Extract of Interview in Darker Than The Bat Magazine, circa 2001, Belgium

Interviewer: Peter Jan Van Damme for Darker Than The Bat Magazine

We could no longer find links to this zine, though it continues to be cited online at the time of this compilation

Describe the music you make for people who have never heard of you. 

Romantic ethereal-pop. Fairy music. Fusion of medieval-gothic dream-pop. Quirky remarks from listeners: “Enya with balls”, “Loreena McKennitt on Ecstasy”. [NB: subsequent to this interview – a quip from UK illustrator Brian Froud: “The bastard child of Enya and Led Zeppelin”].

You grew up in native Australian bushland. Can you tell us some more about that and how you came to making music?

We lived among eucalyptus forests, near a creek…(with) moments of wild magic: call of waterbirds, laugh of a kookaburra, solitude of a kingfisher. My sisters and I enjoyed creeping up on kangaroos, catching yabbies, walking goats, horseriding, building tree-cubbies and lying together in a hammock after a midnight swim, watching for shooting stars. One sister had a canoe, one had birds, I had a garden with a frog pond … music helped integrate a sense of trees being haunted.

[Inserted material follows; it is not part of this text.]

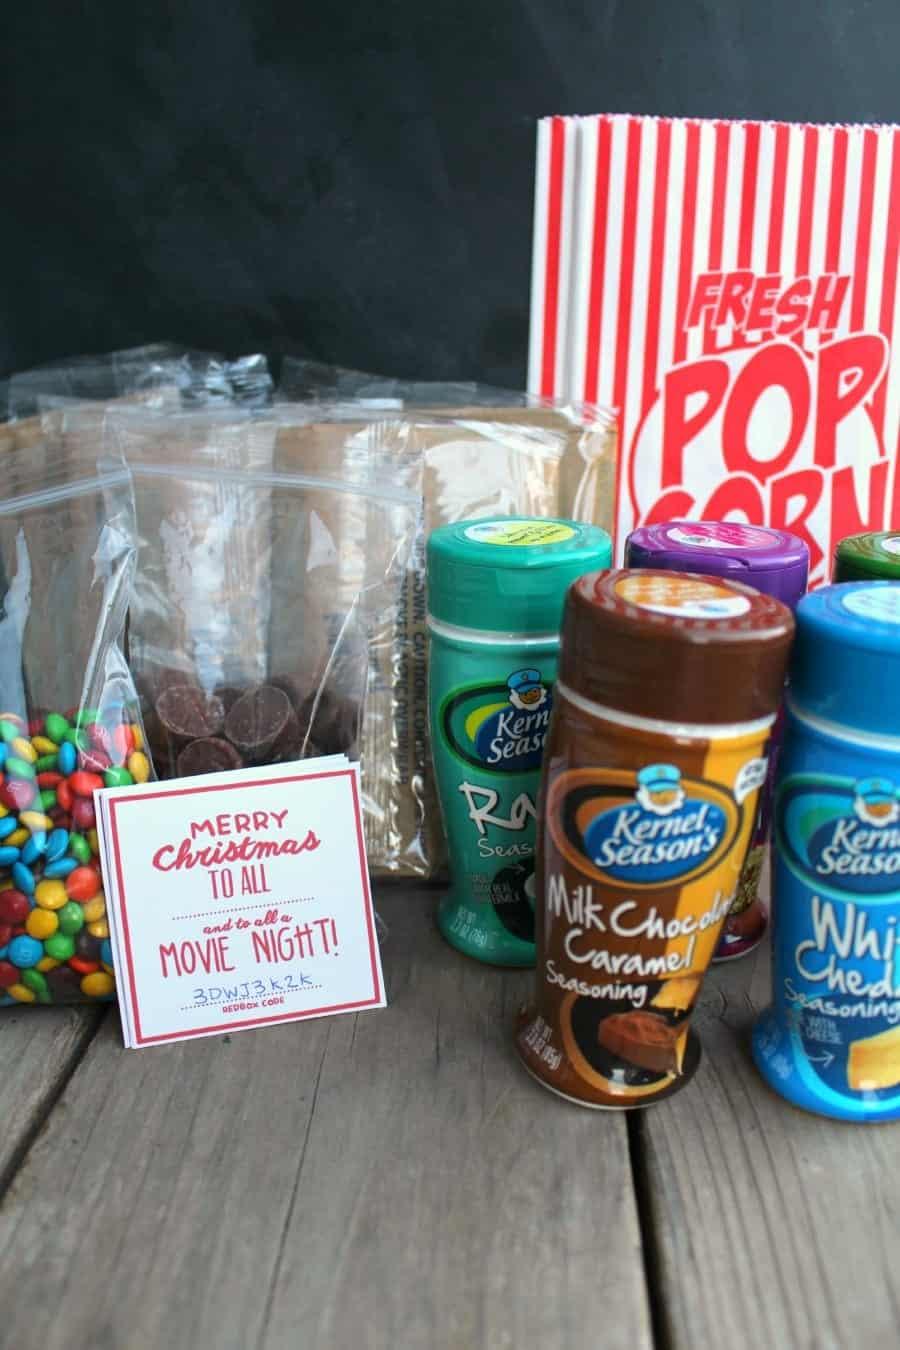 movie night neighbor gift with redbox code

Do you try to create a certain feeling with your music? 

I aim to integrate energy with ambience, whimsy with direction. An emotional current moves beneath a shimmering surface.

On Ariel a lot of different instruments are used. Is each instrument chosen for a song for a special reason? 

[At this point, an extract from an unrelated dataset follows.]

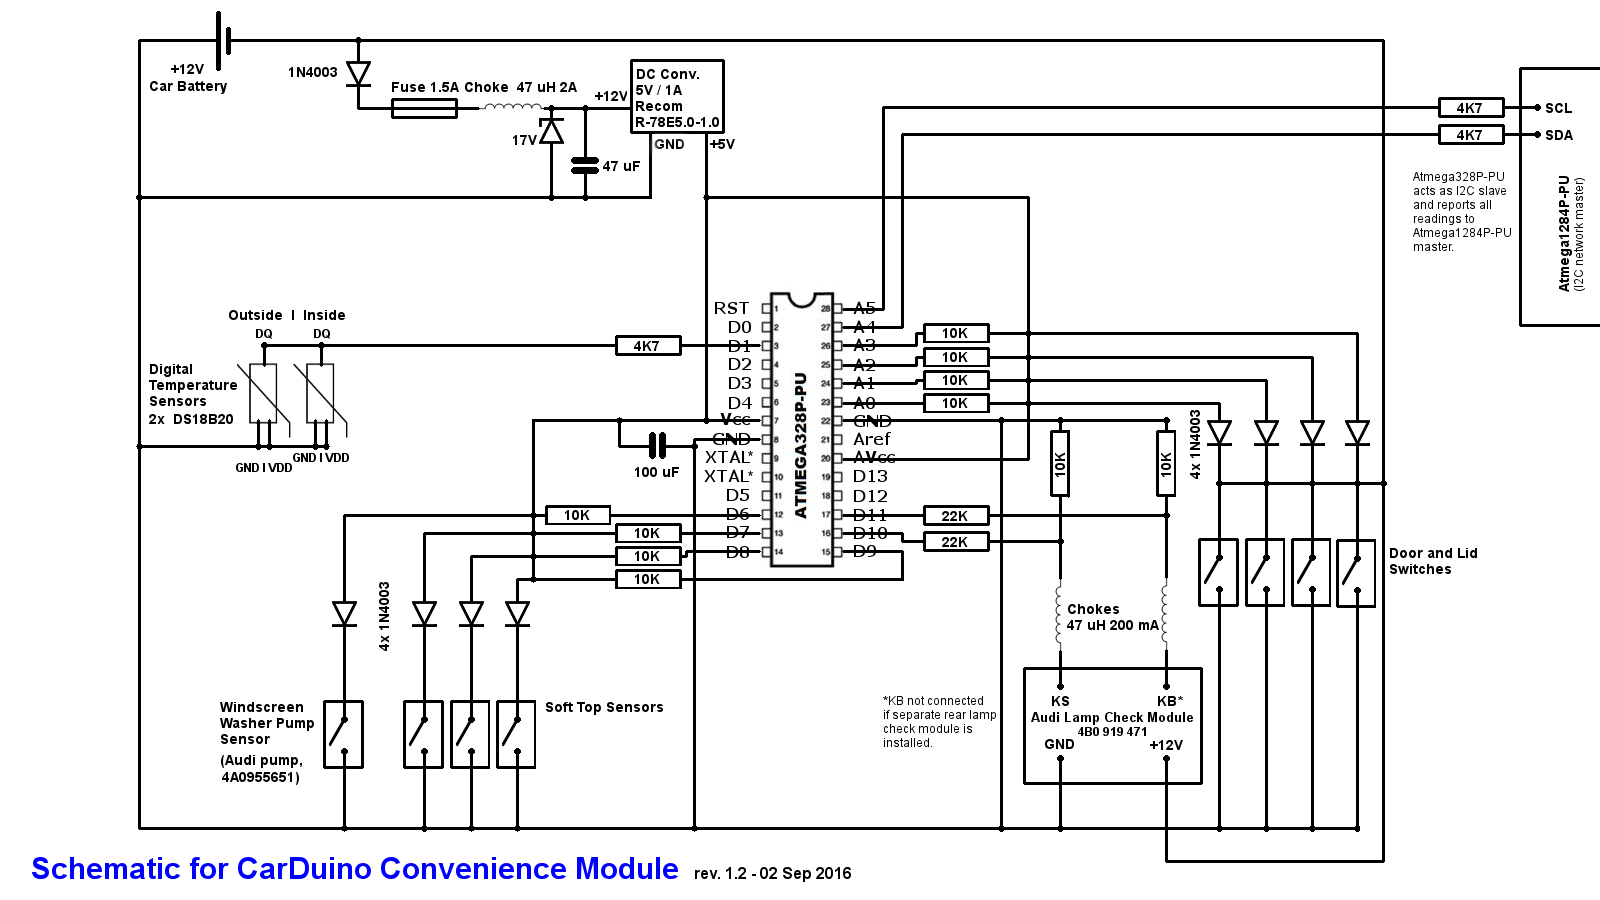 np242 wiring diagram dash cam for fuse box skytrak wiring

Instruments are chosen for tone, presence and so on, as called by emotion or imagery. Mark wrote a ‘cello part for my song ‘The Seagiant’, as this instrument has warmth and depth, while the bowing action portrays a boat being rowed, gliding through dark waves. To this song we added a harp, strummed randomly as if floating in a tide, caressed by invisible hands.

What is most important in your songs, the music or the lyrics? 

I consider lyrics to be music. Words can be intrinsically melodic. They open doors in the soul. In a magical arrangement they ring like bells … a subtle dance between meaning, imagery and sound.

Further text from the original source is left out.